Return the complete listing exactly as it reads, with each picture removed.

• _Data block_:
■ ■ ■ ■

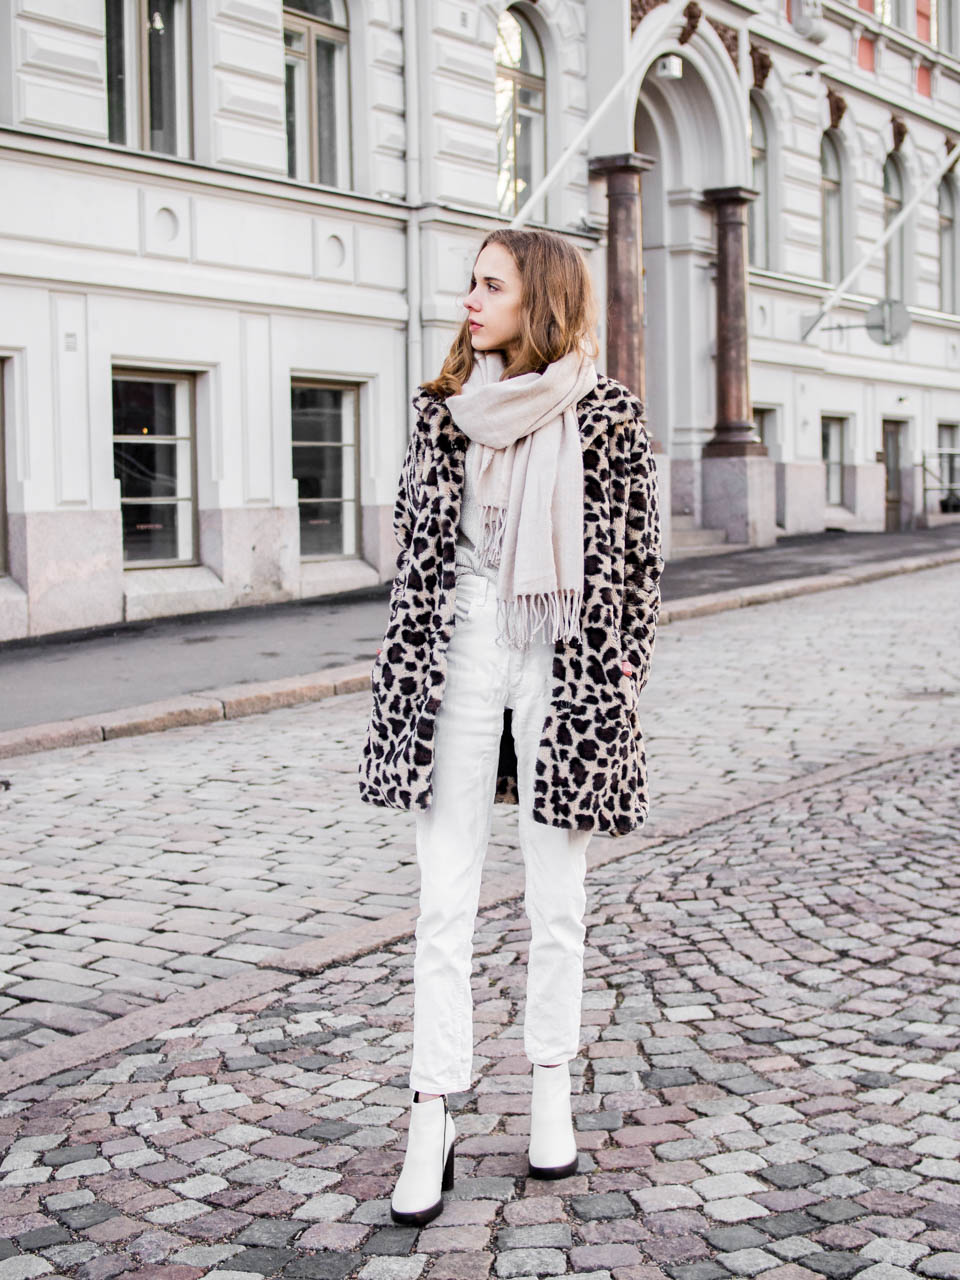 Winter outfit with faux fur leopard coat - Talvimuoti, leoparditakki
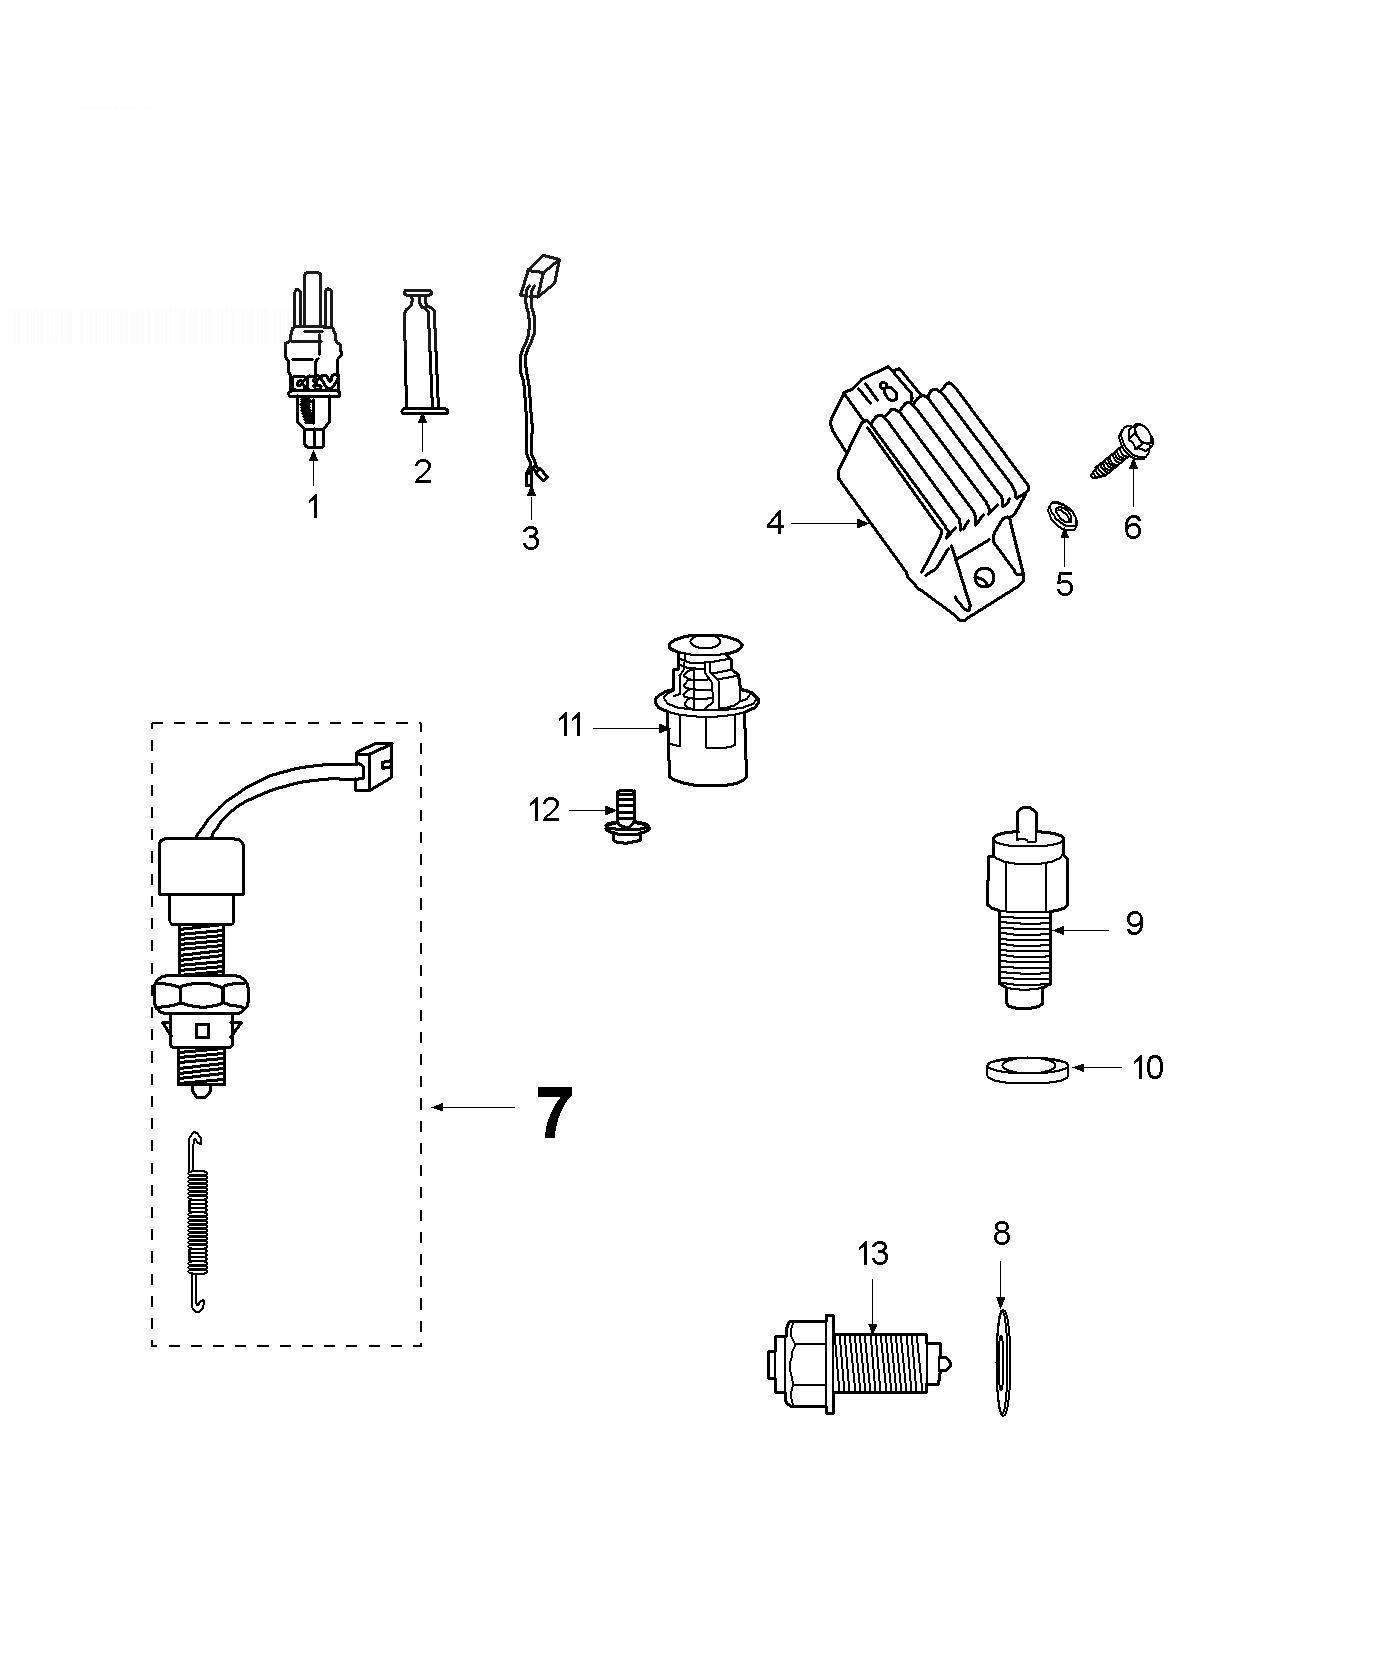 Peugeot Xps T Electric Equipment
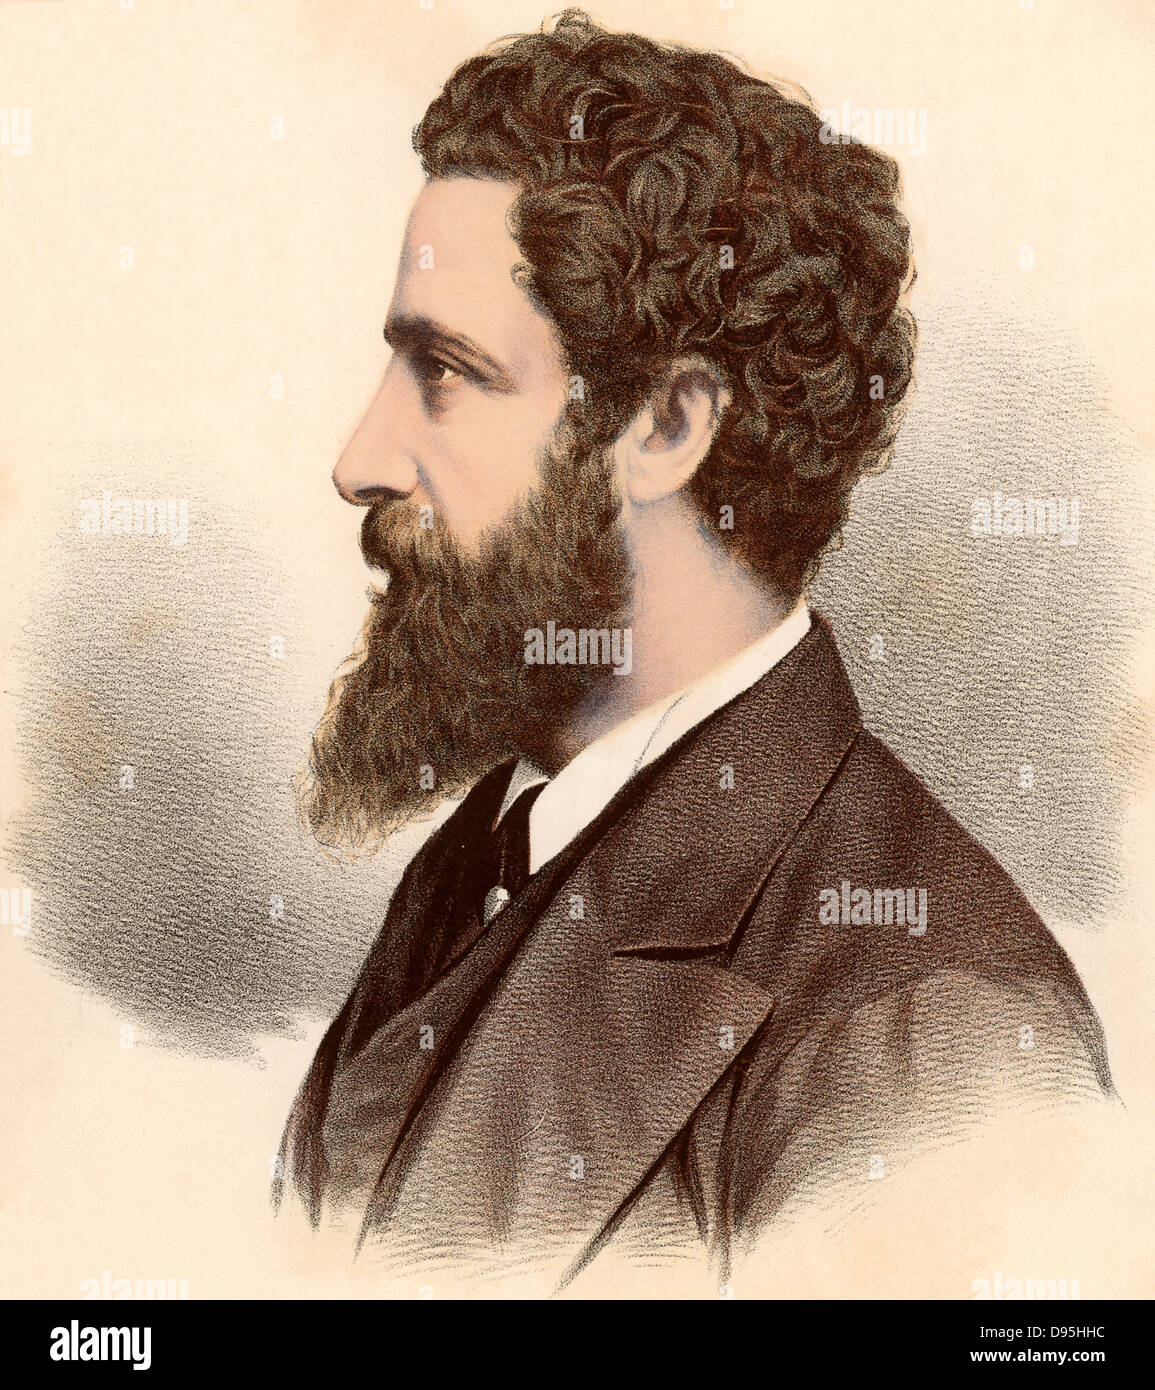 Edward Robert Bulwer Lytton, first Earl Lytton (1831-1891) British statesman, novelist and poet. Viceroy of India Stock Photo

■ ■ ■ ■

• _Written answer_:
 Winter outfit with faux fur leopard coat - Talvimuoti, leoparditakki
 Peugeot Xps T Electric Equipment
 Edward Robert Bulwer Lytton, first Earl Lytton (1831-1891) British statesman, novelist and poet. Viceroy of India Stock Photo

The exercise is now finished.